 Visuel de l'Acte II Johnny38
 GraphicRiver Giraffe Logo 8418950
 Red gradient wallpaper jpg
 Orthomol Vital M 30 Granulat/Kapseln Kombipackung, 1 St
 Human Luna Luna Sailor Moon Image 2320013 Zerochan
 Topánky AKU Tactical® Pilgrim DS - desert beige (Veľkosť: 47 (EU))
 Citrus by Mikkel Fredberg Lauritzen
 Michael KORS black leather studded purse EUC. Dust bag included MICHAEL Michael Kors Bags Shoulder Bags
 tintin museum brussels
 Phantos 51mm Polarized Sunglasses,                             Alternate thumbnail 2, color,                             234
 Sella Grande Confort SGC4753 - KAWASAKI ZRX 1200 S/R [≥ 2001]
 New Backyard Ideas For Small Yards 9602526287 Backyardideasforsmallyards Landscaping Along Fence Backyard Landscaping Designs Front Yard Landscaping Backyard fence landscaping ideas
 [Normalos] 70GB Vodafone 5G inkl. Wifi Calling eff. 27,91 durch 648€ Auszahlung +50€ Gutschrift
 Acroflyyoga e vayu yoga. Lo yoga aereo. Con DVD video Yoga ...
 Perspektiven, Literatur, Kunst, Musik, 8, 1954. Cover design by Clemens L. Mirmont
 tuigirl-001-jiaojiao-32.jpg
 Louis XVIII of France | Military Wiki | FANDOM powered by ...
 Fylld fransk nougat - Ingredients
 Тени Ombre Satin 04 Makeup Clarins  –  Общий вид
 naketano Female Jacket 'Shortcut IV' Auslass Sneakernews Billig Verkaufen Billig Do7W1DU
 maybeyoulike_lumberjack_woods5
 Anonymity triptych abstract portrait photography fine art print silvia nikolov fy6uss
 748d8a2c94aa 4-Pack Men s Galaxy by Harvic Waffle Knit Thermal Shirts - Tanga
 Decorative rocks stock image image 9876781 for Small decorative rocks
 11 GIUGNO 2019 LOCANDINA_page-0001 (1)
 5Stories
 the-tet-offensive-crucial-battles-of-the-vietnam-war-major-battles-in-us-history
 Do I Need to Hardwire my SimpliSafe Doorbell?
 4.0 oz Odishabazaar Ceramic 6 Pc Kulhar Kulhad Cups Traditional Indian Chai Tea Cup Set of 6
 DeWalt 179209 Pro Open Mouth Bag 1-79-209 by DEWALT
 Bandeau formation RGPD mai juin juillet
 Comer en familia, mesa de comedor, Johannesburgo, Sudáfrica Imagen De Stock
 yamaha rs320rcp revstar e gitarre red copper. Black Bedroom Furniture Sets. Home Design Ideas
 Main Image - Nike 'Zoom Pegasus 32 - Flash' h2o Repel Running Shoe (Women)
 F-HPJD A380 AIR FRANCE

• TASK: Each record is to be transcribed exactly and in full.

• SOLUTION BELOW:
 Visuel de l'Acte II Johnny38
 GraphicRiver Giraffe Logo 8418950
 Red gradient wallpaper jpg
 Orthomol Vital M 30 Granulat/Kapseln Kombipackung, 1 St
 Human Luna Luna Sailor Moon Image 2320013 Zerochan
 Topánky AKU Tactical® Pilgrim DS - desert beige (Veľkosť: 47 (EU))
 Citrus by Mikkel Fredberg Lauritzen
 Michael KORS black leather studded purse EUC. Dust bag included MICHAEL Michael Kors Bags Shoulder Bags
 tintin museum brussels
 Phantos 51mm Polarized Sunglasses,                             Alternate thumbnail 2, color,                             234
 Sella Grande Confort SGC4753 - KAWASAKI ZRX 1200 S/R [≥ 2001]
 New Backyard Ideas For Small Yards 9602526287 Backyardideasforsmallyards Landscaping Along Fence Backyard Landscaping Designs Front Yard Landscaping Backyard fence landscaping ideas
 [Normalos] 70GB Vodafone 5G inkl. Wifi Calling eff. 27,91 durch 648€ Auszahlung +50€ Gutschrift
 Acroflyyoga e vayu yoga. Lo yoga aereo. Con DVD video Yoga ...
 Perspektiven, Literatur, Kunst, Musik, 8, 1954. Cover design by Clemens L. Mirmont
 tuigirl-001-jiaojiao-32.jpg
 Louis XVIII of France | Military Wiki | FANDOM powered by ...
 Fylld fransk nougat - Ingredients
 Тени Ombre Satin 04 Makeup Clarins  –  Общий вид
 naketano Female Jacket 'Shortcut IV' Auslass Sneakernews Billig Verkaufen Billig Do7W1DU
 maybeyoulike_lumberjack_woods5
 Anonymity triptych abstract portrait photography fine art print silvia nikolov fy6uss
 748d8a2c94aa 4-Pack Men s Galaxy by Harvic Waffle Knit Thermal Shirts - Tanga
 Decorative rocks stock image image 9876781 for Small decorative rocks
 11 GIUGNO 2019 LOCANDINA_page-0001 (1)
 5Stories
 the-tet-offensive-crucial-battles-of-the-vietnam-war-major-battles-in-us-history
 Do I Need to Hardwire my SimpliSafe Doorbell?
 4.0 oz Odishabazaar Ceramic 6 Pc Kulhar Kulhad Cups Traditional Indian Chai Tea Cup Set of 6
 DeWalt 179209 Pro Open Mouth Bag 1-79-209 by DEWALT
 Bandeau formation RGPD mai juin juillet
 Comer en familia, mesa de comedor, Johannesburgo, Sudáfrica Imagen De Stock
 yamaha rs320rcp revstar e gitarre red copper. Black Bedroom Furniture Sets. Home Design Ideas
 Main Image - Nike 'Zoom Pegasus 32 - Flash' h2o Repel Running Shoe (Women)
 F-HPJD A380 AIR FRANCE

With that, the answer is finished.